Fortunately, wireless connections meant never having to be silent. "I know you're refining the wide-area sensor network. What are Joe and Maddie up to?"
"Surveying the ice around us for the flattest, hardest stuff we can get for the centrifuge," Brett answered, interrupting A.J.'s attempt to reply. "I've pretty much got the design modeled and we're fairly confident we can drive it whenever Munin's down here to give the power. But we can't make it terribly huge – just don't have the resources – so it's going to have to spin pretty fast and hard, and the last thing we need is it to come loose and start walking like a badly-balanced washing machine."
"Well," Joe said, his own image popping up on the other side of her VRD, "we're going to try to counterbalance whenever someone's in for a run. Not hard to put opposing mass in the other chamber, at least I'd hope not." The blue-brown jagged mass of the nearby ridge showed in the background as he turned, holding some device pressed to the ice below him.
"No, not hard," Brett conceded, "but not hard to forget, either. A.J., we'll have to program in some failsafes."
"Already thinking about it, along with all the other 'leventy-dozen things on my plate. Not that you guys don't have all that same amount of stuff to worry about either," he added quickly. She couldn't repress a small grin. Her darling A.J. was still learning how not to casually insult people.
"And always one more than we thought," Maddie's voice said. "For example, we completely neglected to realize how important it was to figure out some substitute for gravity because we were so busy, and then it was two months gone by. Dr. Masters – Petra – reports that even the short burn to make Europa escape almost completely exhausted our crew. So now we work on the centrifuge and slow down other work."
"Well, it's not like we can really take the nozzle off right away," Joe said. "Until Odin is in a lot better shape, we won't even be able to install it. So that job has to wait. And… hold on…" he stopped, adjusted the device – a sort of geosounder, she thought – and put it down again. "And a lot of the work needs more people. Who're doing stuff on Odin."
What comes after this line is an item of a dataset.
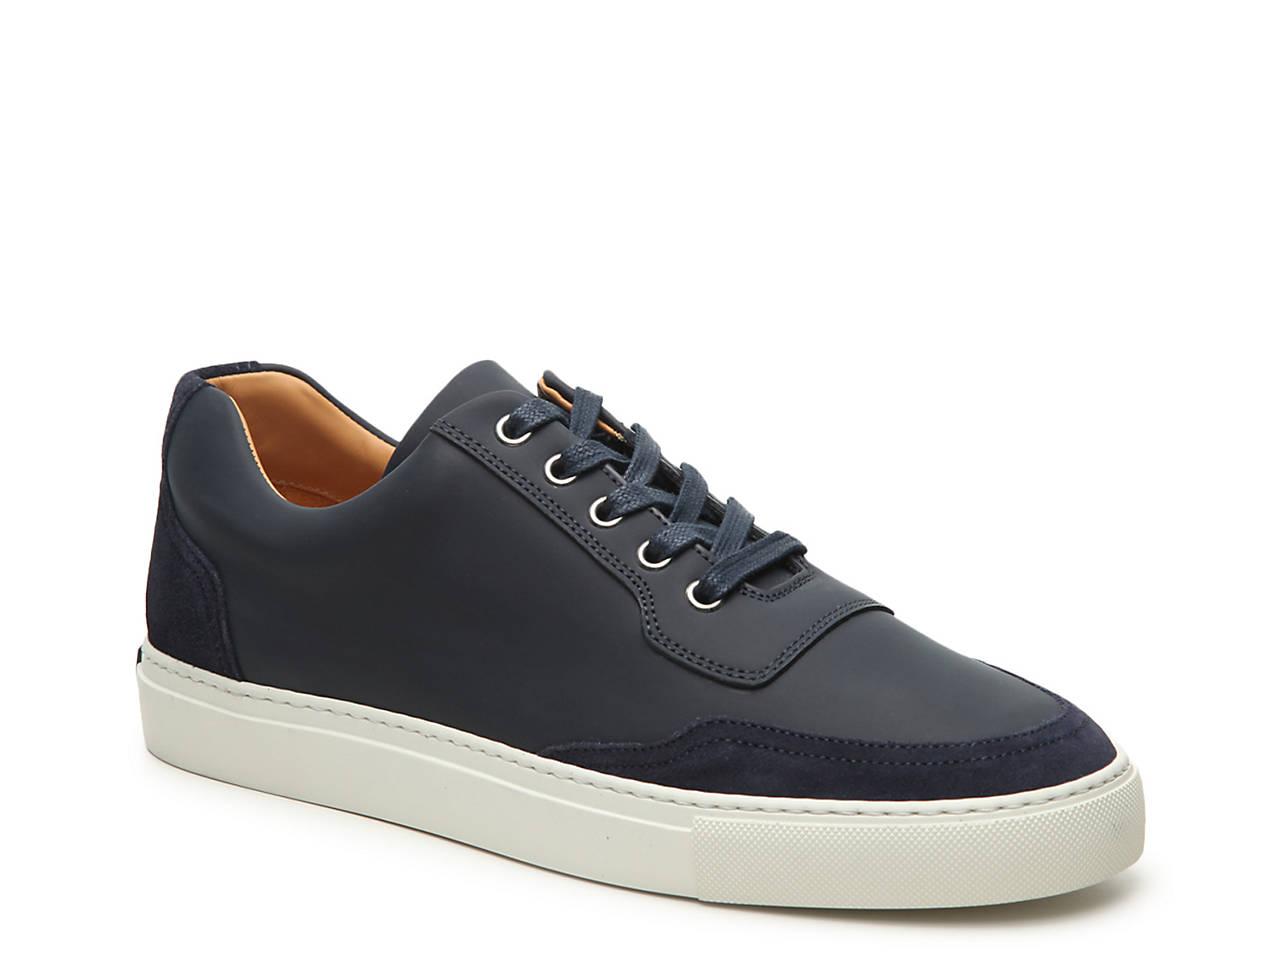 858d67729a2 Harrys of London Mr Jones 2 Sneaker Men s Shoes

"Is… is this going to affect our timetable?" Helen didn't want to sound afraid, and she wasn't, exactly… but there were some completely immovable limits, most especially food, on their survival, which meant that anything that significantly delayed them was eating – literally – into their time margin.
"Some," Madeline answered cheerily, "but not terribly much. Don't worry, Helen. We've got a lot of contingency plans. We'll get home one way or another, I promise you."
She glanced back at the screen. Now there was additional darkening in the center screen. Wonderful. A thicker layer? Visibility is almost down to one centimeter. "A.J., what do we do if I get to a patch that I can't even see a centimeter in? That's about one minute of decision time."
"Hm. Well, keep an eye on it is what I'd say. A minute is actually a long time, but much less than that and you might not have time to study what you're seeing and make a decision."
The colors were not uniform either, but were often swirled through, like water with multicolored drops of dye added and then suddenly frozen. In the direct forward, or downward, view, the dark patch was becoming darker still.
Odd. The video processor is still claiming visibility slightly over a centimeter. No drop.
Most darker layers were a wispy swirl in basic shape – supporting the thought that they were frozen traces of various currents or specific processes. But this deep-brown phantom looked more defined, almost… almost oval…
And suddenly she was shouting "STOP!" and hammering the emergency cutoff, hitting it half a dozen times before it registered that Athena had already complied with her signal, had stopped instantly.
"What? What is it? Helen, answer me!" A.J.'s voice was concerned, worried.
She was speechless, staring at the screen in front of her; she was barely able to activate the feed for the others.
"What is… Holy shit."
"Oh. My. God," Maddie said reverently, after a momentary pause.
For there, half a centimeter below the visible level surface of Europa's ice, was a small object.
An object that looked something like an oval shoehorn.